Assignment - Word for word, please restate the line containing "B Co, 1-25 AB" and all the lines that follow it to the end of the data.

Records for this task -

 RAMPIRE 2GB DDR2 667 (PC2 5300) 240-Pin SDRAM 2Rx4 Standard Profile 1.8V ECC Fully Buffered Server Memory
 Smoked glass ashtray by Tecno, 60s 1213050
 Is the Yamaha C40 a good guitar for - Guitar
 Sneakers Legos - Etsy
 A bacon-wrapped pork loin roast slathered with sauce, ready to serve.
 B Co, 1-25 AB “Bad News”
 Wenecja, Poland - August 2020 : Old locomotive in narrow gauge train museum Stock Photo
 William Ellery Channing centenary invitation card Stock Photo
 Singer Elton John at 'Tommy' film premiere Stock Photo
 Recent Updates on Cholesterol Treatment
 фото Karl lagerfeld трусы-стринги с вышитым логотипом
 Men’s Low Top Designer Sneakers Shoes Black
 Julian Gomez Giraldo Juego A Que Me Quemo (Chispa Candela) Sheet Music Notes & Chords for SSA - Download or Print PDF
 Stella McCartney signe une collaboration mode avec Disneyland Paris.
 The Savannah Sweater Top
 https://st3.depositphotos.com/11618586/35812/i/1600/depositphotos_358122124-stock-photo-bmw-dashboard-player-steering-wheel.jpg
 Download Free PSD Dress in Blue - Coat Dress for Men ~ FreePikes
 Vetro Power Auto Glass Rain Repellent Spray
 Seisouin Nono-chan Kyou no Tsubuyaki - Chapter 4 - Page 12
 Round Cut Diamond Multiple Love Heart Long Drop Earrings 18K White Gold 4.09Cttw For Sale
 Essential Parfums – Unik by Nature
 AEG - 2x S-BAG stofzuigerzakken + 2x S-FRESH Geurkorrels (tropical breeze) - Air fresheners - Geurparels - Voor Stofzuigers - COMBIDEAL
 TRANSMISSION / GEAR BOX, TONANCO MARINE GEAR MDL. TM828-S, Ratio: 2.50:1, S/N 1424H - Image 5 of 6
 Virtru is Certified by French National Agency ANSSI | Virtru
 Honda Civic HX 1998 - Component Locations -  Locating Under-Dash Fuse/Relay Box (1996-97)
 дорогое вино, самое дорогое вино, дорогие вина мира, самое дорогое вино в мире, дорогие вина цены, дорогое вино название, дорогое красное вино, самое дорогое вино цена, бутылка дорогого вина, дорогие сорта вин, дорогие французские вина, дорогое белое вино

Result -
 B Co, 1-25 AB “Bad News”
 Wenecja, Poland - August 2020 : Old locomotive in narrow gauge train museum Stock Photo
 William Ellery Channing centenary invitation card Stock Photo
 Singer Elton John at 'Tommy' film premiere Stock Photo
 Recent Updates on Cholesterol Treatment
 фото Karl lagerfeld трусы-стринги с вышитым логотипом
 Men’s Low Top Designer Sneakers Shoes Black
 Julian Gomez Giraldo Juego A Que Me Quemo (Chispa Candela) Sheet Music Notes & Chords for SSA - Download or Print PDF
 Stella McCartney signe une collaboration mode avec Disneyland Paris.
 The Savannah Sweater Top
 https://st3.depositphotos.com/11618586/35812/i/1600/depositphotos_358122124-stock-photo-bmw-dashboard-player-steering-wheel.jpg
 Download Free PSD Dress in Blue - Coat Dress for Men ~ FreePikes
 Vetro Power Auto Glass Rain Repellent Spray
 Seisouin Nono-chan Kyou no Tsubuyaki - Chapter 4 - Page 12
 Round Cut Diamond Multiple Love Heart Long Drop Earrings 18K White Gold 4.09Cttw For Sale
 Essential Parfums – Unik by Nature
 AEG - 2x S-BAG stofzuigerzakken + 2x S-FRESH Geurkorrels (tropical breeze) - Air fresheners - Geurparels - Voor Stofzuigers - COMBIDEAL
 TRANSMISSION / GEAR BOX, TONANCO MARINE GEAR MDL. TM828-S, Ratio: 2.50:1, S/N 1424H - Image 5 of 6
 Virtru is Certified by French National Agency ANSSI | Virtru
 Honda Civic HX 1998 - Component Locations -  Locating Under-Dash Fuse/Relay Box (1996-97)
 дорогое вино, самое дорогое вино, дорогие вина мира, самое дорогое вино в мире, дорогие вина цены, дорогое вино название, дорогое красное вино, самое дорогое вино цена, бутылка дорогого вина, дорогие сорта вин, дорогие французские вина, дорогое белое вино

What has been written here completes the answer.